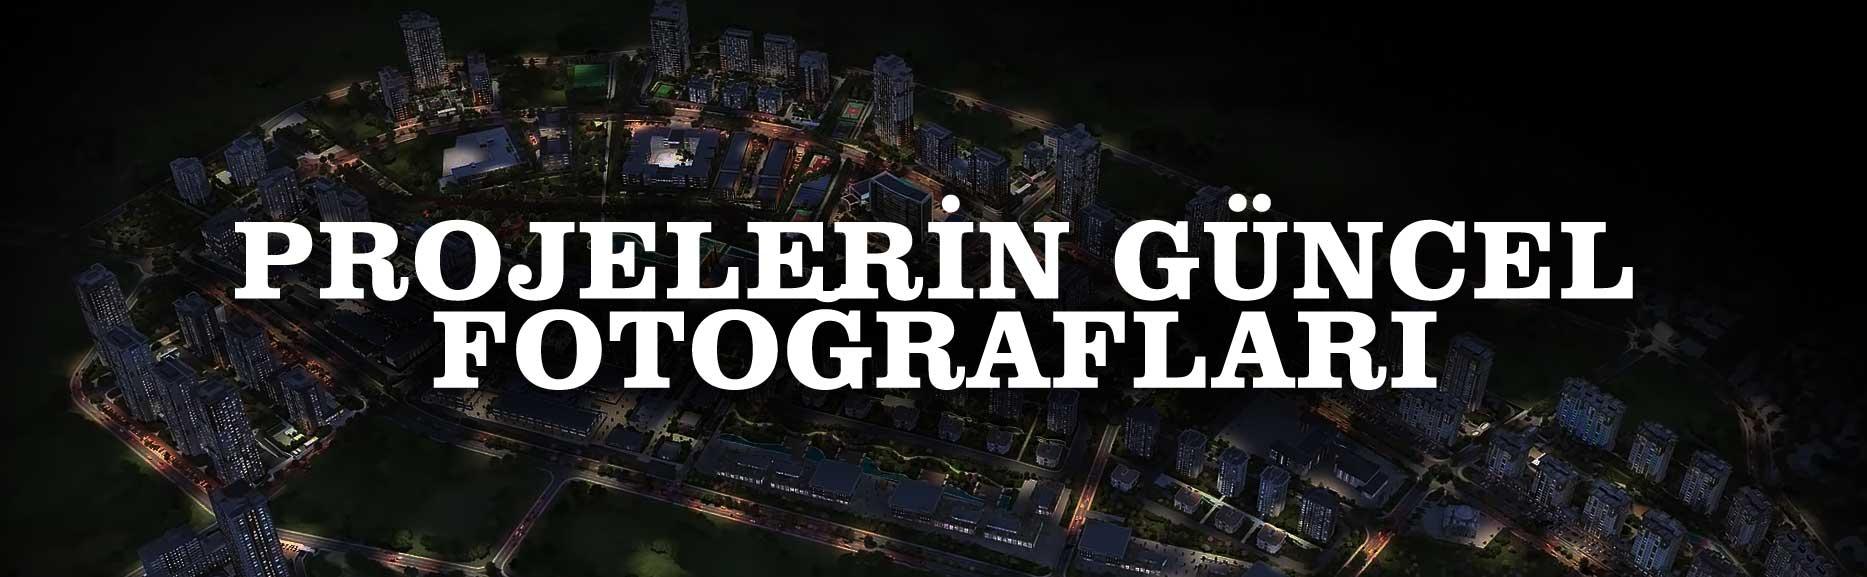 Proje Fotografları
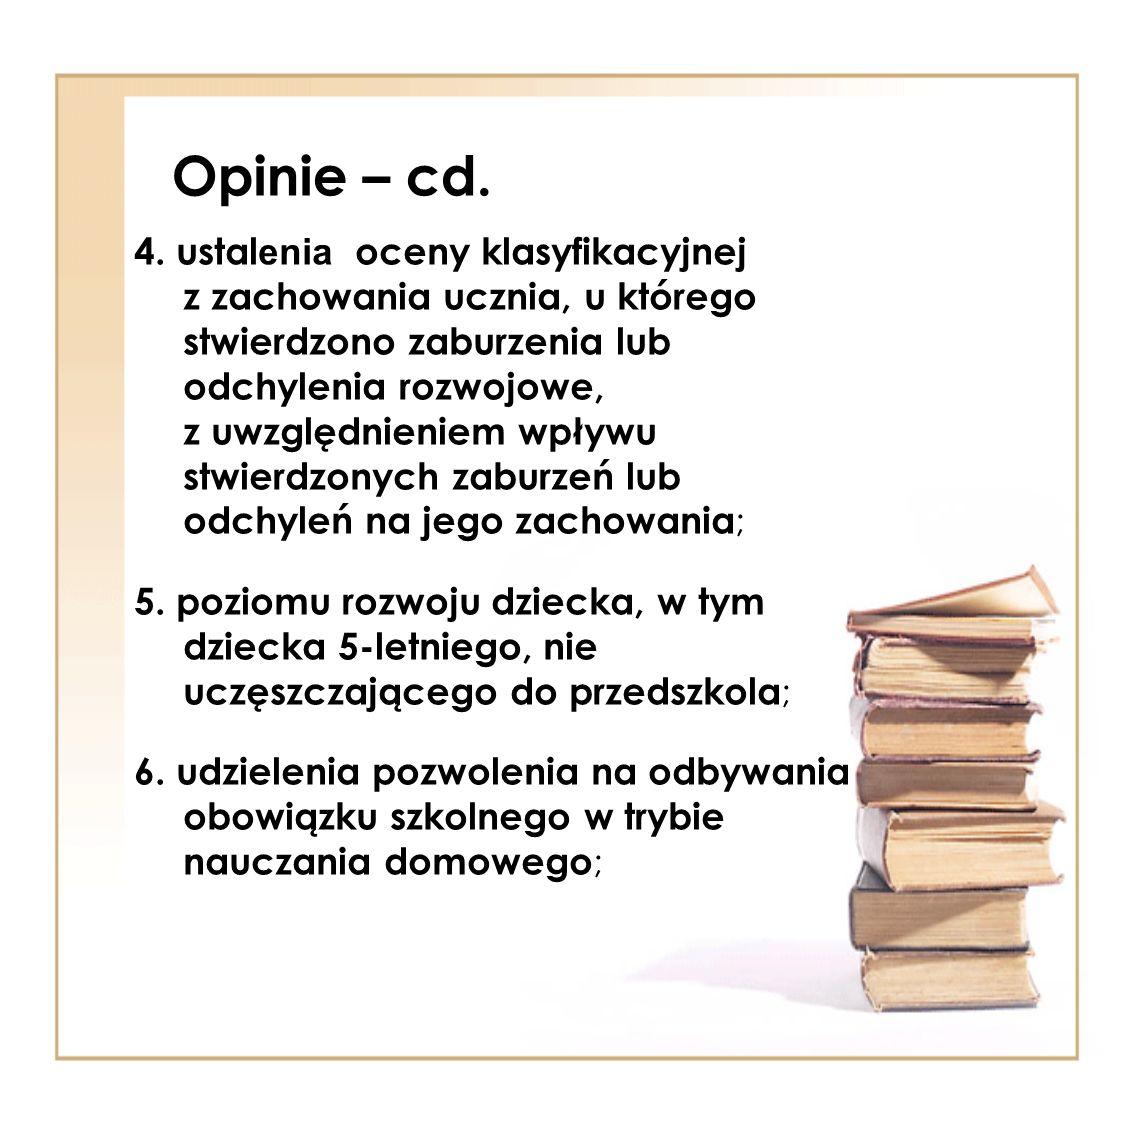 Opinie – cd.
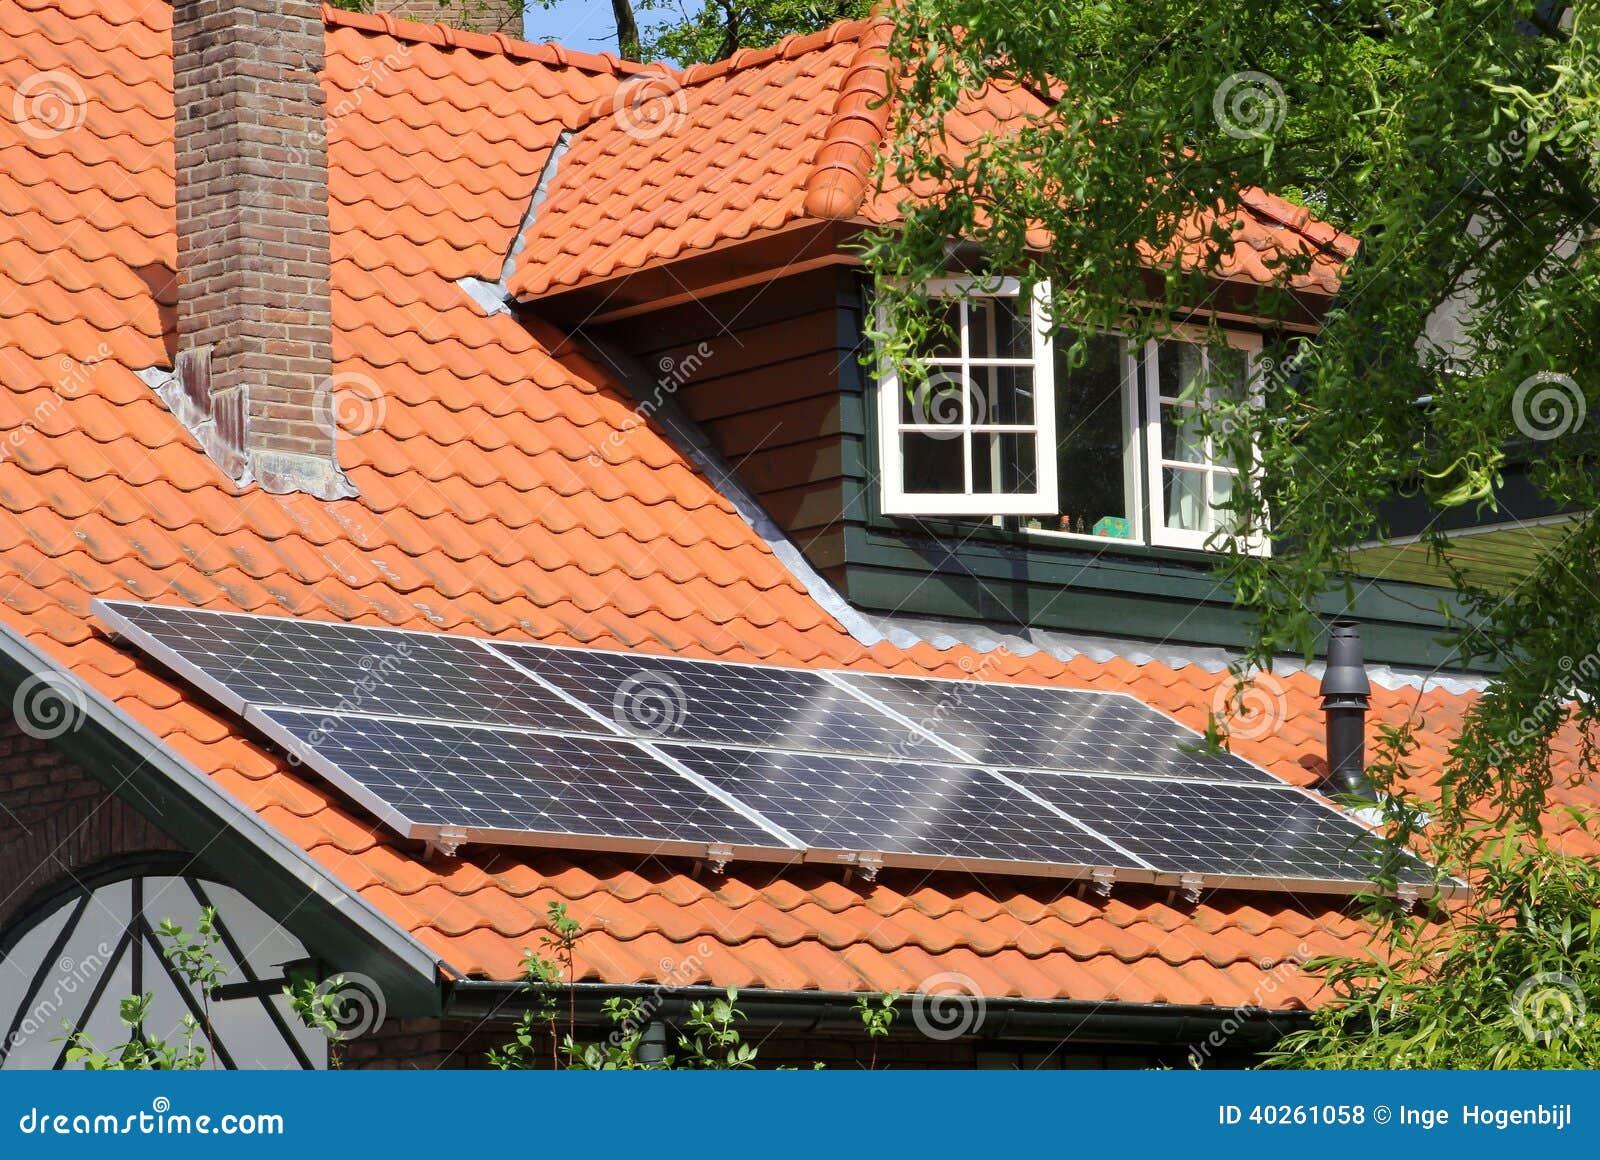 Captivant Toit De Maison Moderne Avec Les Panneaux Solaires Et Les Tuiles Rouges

☆ ☆ ☆ ☆ ☆ ☆ ☆

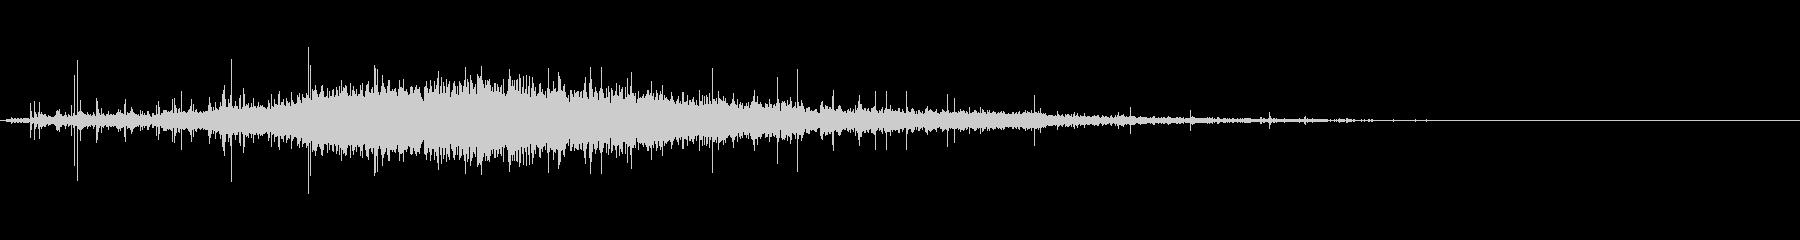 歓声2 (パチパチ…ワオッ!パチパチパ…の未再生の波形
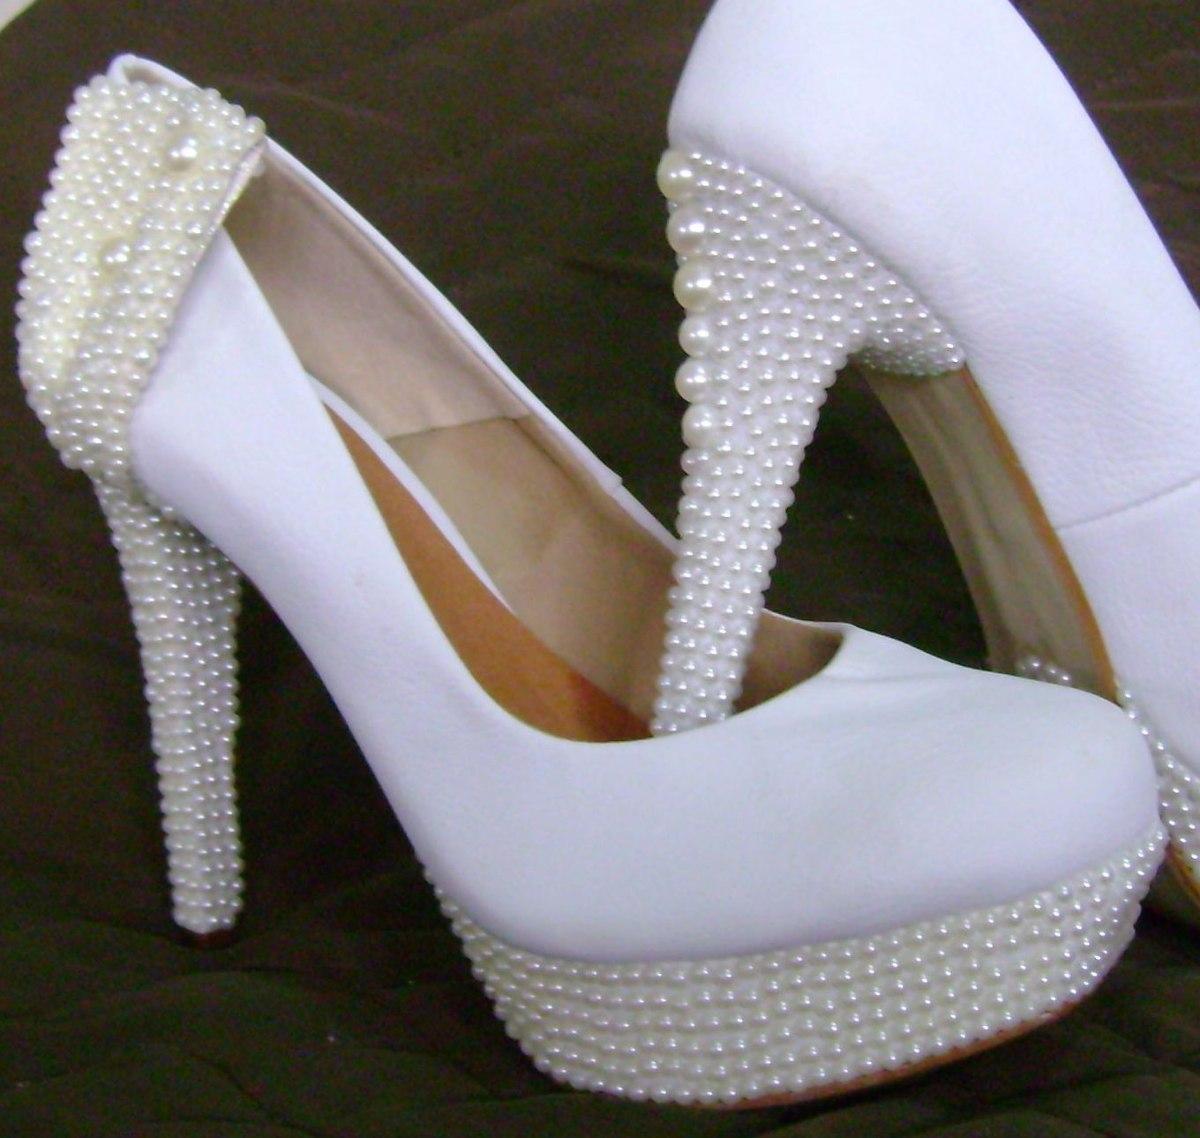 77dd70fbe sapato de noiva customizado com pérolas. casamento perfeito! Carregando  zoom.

☆ ☆ ☆ ☆ ☆ ☆ ☆

▶ _ACTIVITY_: Find the line with "Proje Fotografları" and the line with "Captivant Toit De" in the records above. Copy both and all lines between them exactly, without pictures.

▶ _SOLUTION FOR THIS EXERCISE_:
 Proje Fotografları
 Opinie – cd.
 Captivant Toit De Maison Moderne Avec Les Panneaux Solaires Et Les Tuiles Rouges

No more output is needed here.